Sonntag, 29. März 2020

Cybernetic Big Five Theory - Auszüge - Teil2:

Colin DeYoung [siehe auch: Teil3]:

[Kernthemen: Was sind "characteristic adaptations"? In welcher Beziehung stehen sie zu dem Trait-Konzept? Wie lassen sie sich "messen"? Etc.]

Characteristic adaptations are relative stable goals, interpretations, and strategies[.] In contrast to traits, relatively few researchers have worked to define characteristic adaptations[.]

In CB5T, characteristic adaptations are influenced by traits, but they are sperate entities in their own right, generated by cybernetic processes of exploration and adaptation[.] 

Goals are defined broadly as representations of a desired future state[.] … Like traits, many goals and other characteristic adaptations can be considered as attractor states[.] … Different goals are active at different time, as the cybernetic system shifts among mutiple attractor states[.] … Some goals are strong attractors and are capable of organizing and governing motivation for extended periods of time, despite potential disruptors, whereas others are relatively weak attractors, readily disrupted and displaced by other goals, even if they are characteristic in the sense that they are held in memory over long periods of time. 

Our brains interpret the world primarily as a forum for action and only secondarily as a realm of facts, and our interpretations are shaped, more than most people are likely to realize, by relevance to our goals[.] Nonetheless, we have evolved to detect and remember a great many facts (with ‘facts’ meant broadly as any kind of nonevaluative information about the state of the world) that may be irrelevant to our goals, presumably because our goals and strategies are so complex and changeable that phenomena that seem irrelevant at present may well prove relevant to our goals in future[.] 

Strategies are plans, actions, skills, and automatized routines that are used to transform the current state into the desired future state. 

Goals, interpretations, and strategies represent the information used by the cybernetic system to function in any situation, and they always reflect the manner in which the individual has adapted to that situation[.] … not all adaptations are characteristic. To be considered ‘characteristic,’ the adaptation must have anough stability to be a useful descriptor of the person for some reasonable length of time[.] 

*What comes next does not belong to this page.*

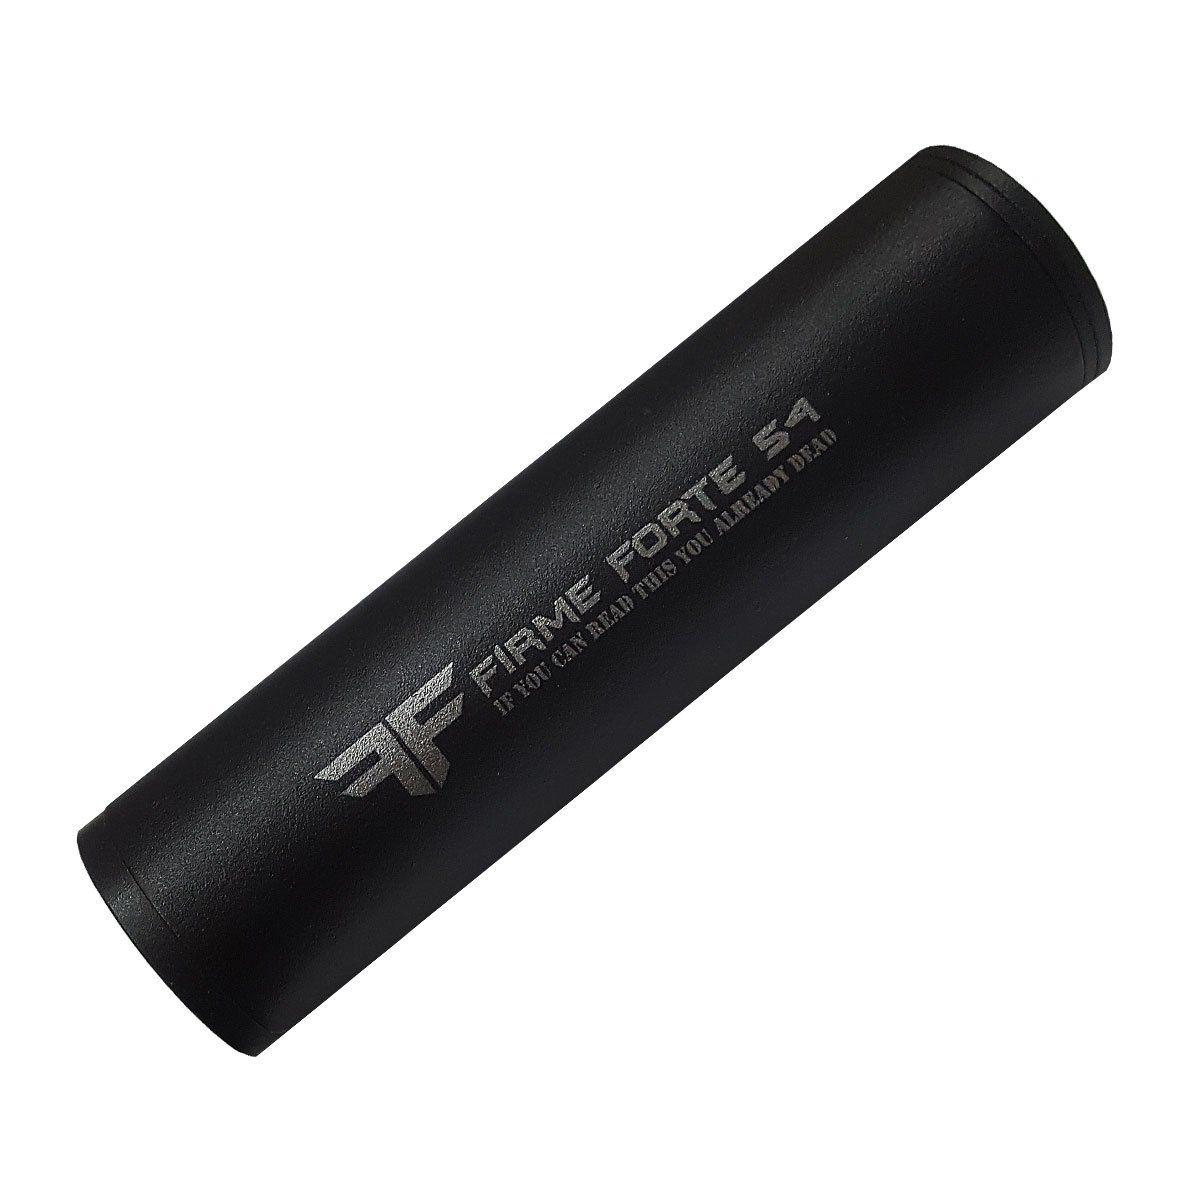 Silenciador para Airsoft Universal Rosca Esq/Dir Firme&Forte Preto

Characteristic adapdations are, by definition, reactions to particular life circumstances, whereas traits need not be. 

Traits have been studied extensively as such, whereas characteristic adaptations have been studied under many different names. 

Some examples may help to illustrate the difference between traits and characteristic adaptations: Being argumentative is a trait; being a trial lawyer is a characteristic adaptation. Liking to frolic with friends is a trait; belonging to a fraternity is a characteristic adaptation. 

Given the possibility of assessing traits using characteristic adaptations, one might wonder whether it is ever possible to assess characteristic adaptations by questionnaire. The answer is decidingly yes. What must be done is to focus the items on a particular adaptation, in all its cultural and personality specificity. An example used above was the quality of one’s attachment to one’s current partner. Attachment questionnaires that frame all of their items in relation to a single relationship with a particular individual are validly assessing a characteristic adaptation, regardless of whether that characteristic adaptation has been influenced by a trait reflecting typical attachment style. 

One of the most thorough methods for assessing characteristic adaptations is Little’s (1983, 2006) personal projects analysis, which asks people to generate their own list of personal projects - ‘activities and concerns … that we think about, plan for, carry out, and sometimes (though not always) complete’[.]